Cross
The meeting of opposites; sacrifice and sovereignty.
The cross is the meeting of opposites. Christian tradition gives the cross its most charged form — sacrifice at the center of meaning. Indigenous medicine-wheel traditions use the four directions crossed to mark completeness. Jungian analysis reads cross-dreams as the psyche at the intersection of its horizontal (relational) and vertical (spiritual) axes. Where the arms meet is the Self. Notice what kind of cross it is, and whether you stand before, under, or on it.
What to ask in your journal
If cross appears in your dream, sit with these prompts before reaching for an interpretation.
- What was the cross doing in your dream?
- How did you feel in its presence — drawn, repelled, indifferent, awed?
- Was the cross familiar from waking life, or unfamiliar?
- What in your waking life right now resembles the quality the cross carries?
- If the cross could speak, what would it say to you?
Frequently asked
What does it mean to dream of a cross?
Across the depth-psychological tradition, dream-crosss carry the meaning suggested by the dreamer's emotional response and the symbol's behavior in the dream. The meeting of opposites; sacrifice and sovereignty.
Is the cross a positive or negative symbol in dreams?
Most dream-symbols are not intrinsically positive or negative; they take their valence from the dreamer's relationship to them in the dream. The cross is no exception — its specific weight depends on context, emotional tone, and the dreamer's associations.
How do Christian and other traditions read the cross?
Christian dream-interpretation places the cross within the broader Christian, Indigenous, Jungian reading of the dream-life. See the page body and bibliography for the specific primary sources cited.
What if the cross keeps recurring in my dreams?
Recurrent dream-symbols generally point to material the conscious self has not yet fully integrated. The recurrence usually softens once the underlying material has been allowed expression — sometimes through journaling, sometimes through therapy, sometimes simply through more careful attention to the symbol on its own terms.
Cited works
Each interpretation on this page traces back to one of these primary sources. Quotation with attribution welcome — see our methodology for how we cite.
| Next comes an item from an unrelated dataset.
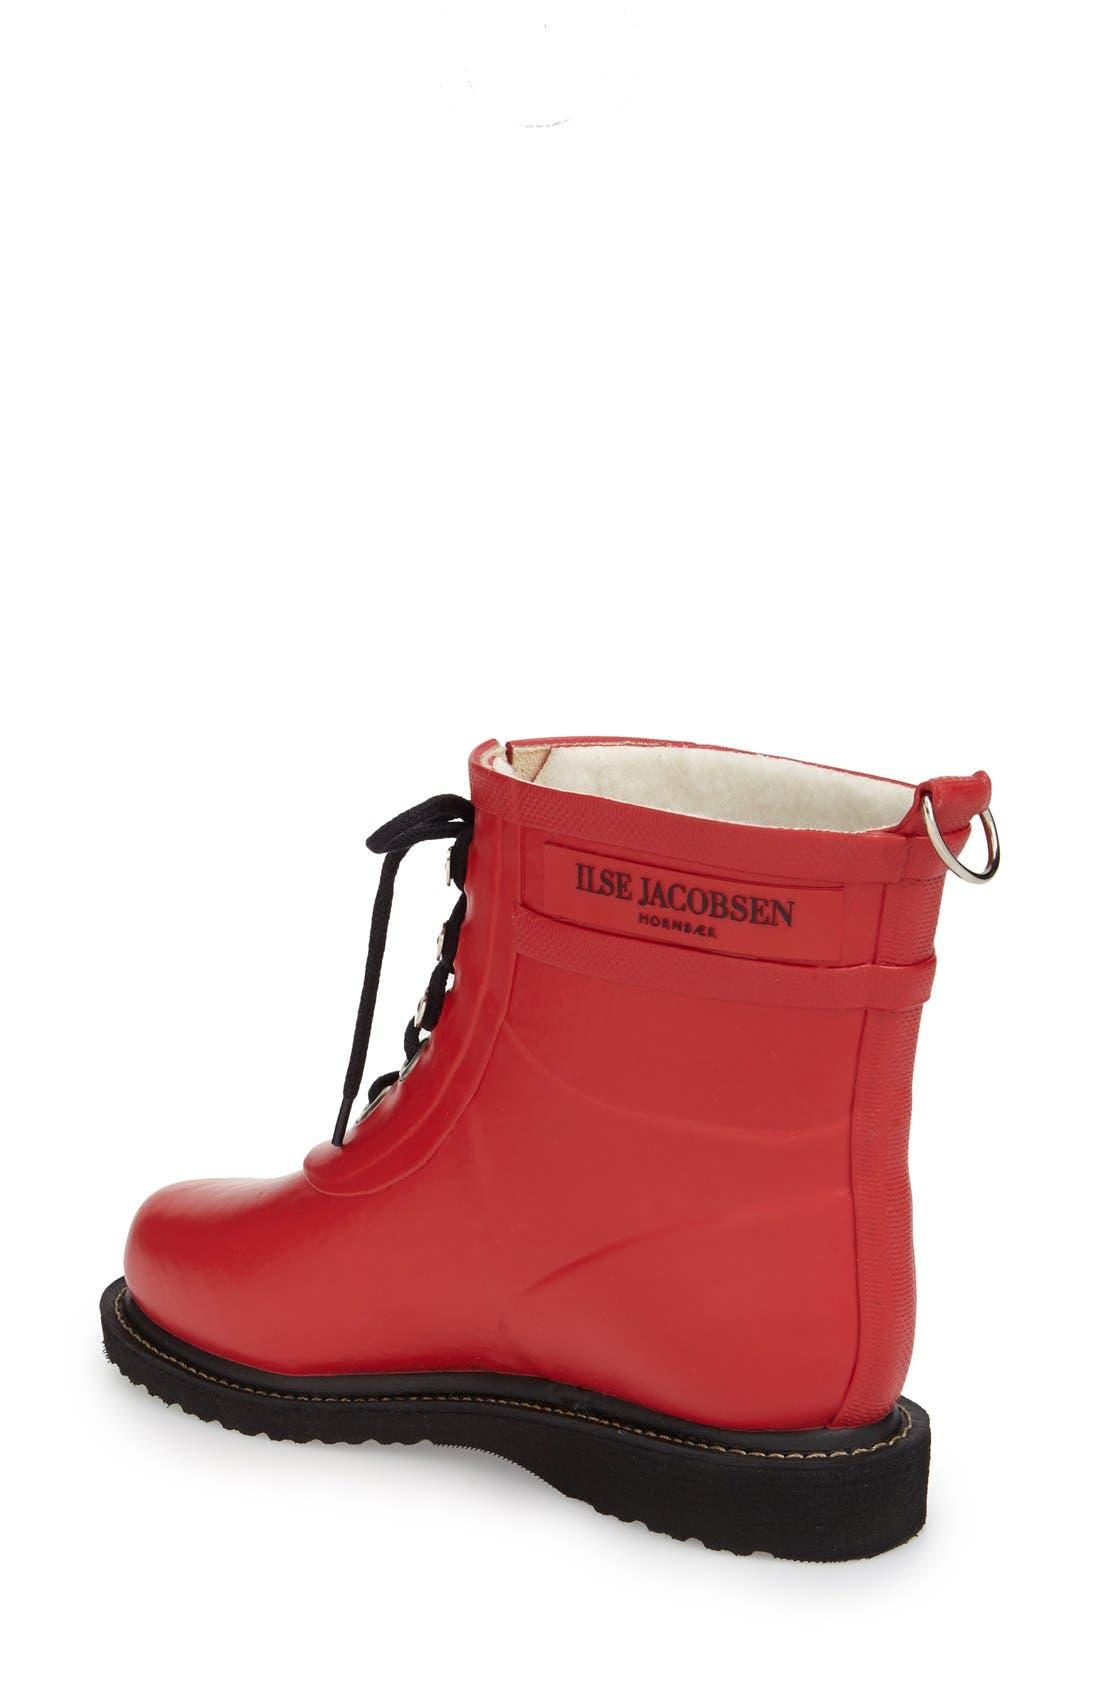 86a75e1cd45 Women s Ilse Jacobsen Shoes
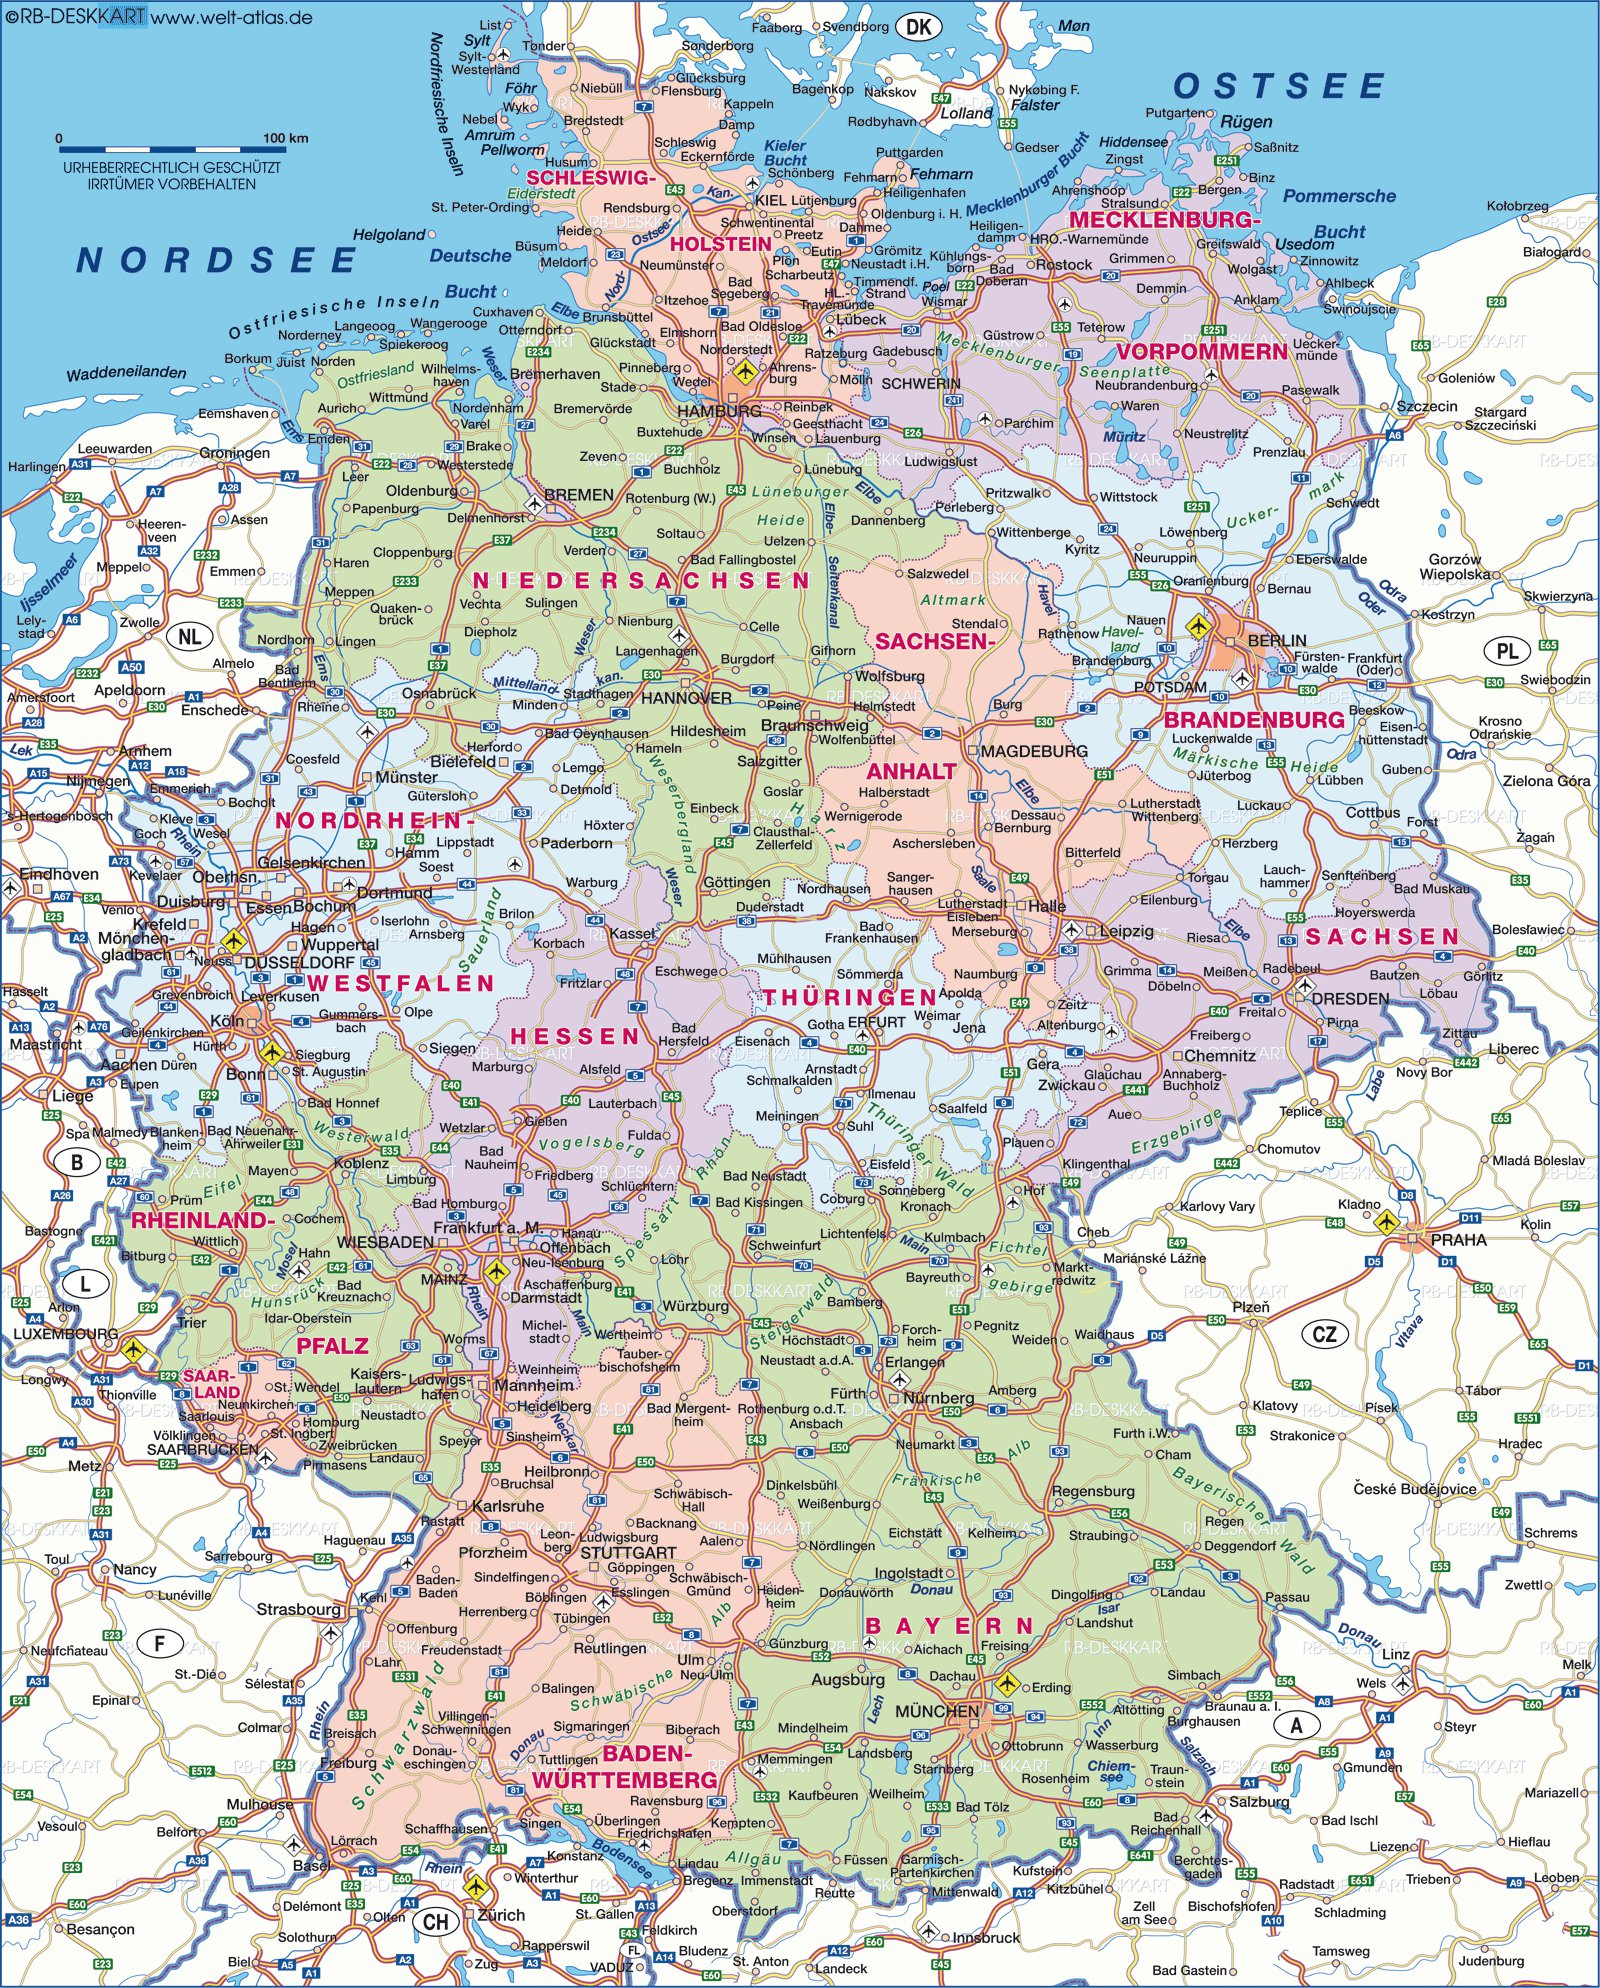 Karty Germanii Podrobnaya Karta Germanii Na Russkom Yazyke S

- Carl Gustav Jung (1959) *The Archetypes and the Collective Unconscious (Collected Works, Vol. 9, Part 1)*. Princeton University Press. Trans. R. F. C. Hull.
- Carl Gustav Jung (1956) *Symbols of Transformation (Collected Works, Vol. 5)*. Princeton University Press. Trans. R. F. C. Hull.
- Artemidorus of Daldis (c. 2nd century CE) *Oneirocritica (The Interpretation of Dreams)*. Oxford University Press. Trans. Daniel E. Harris-McCoy (2012).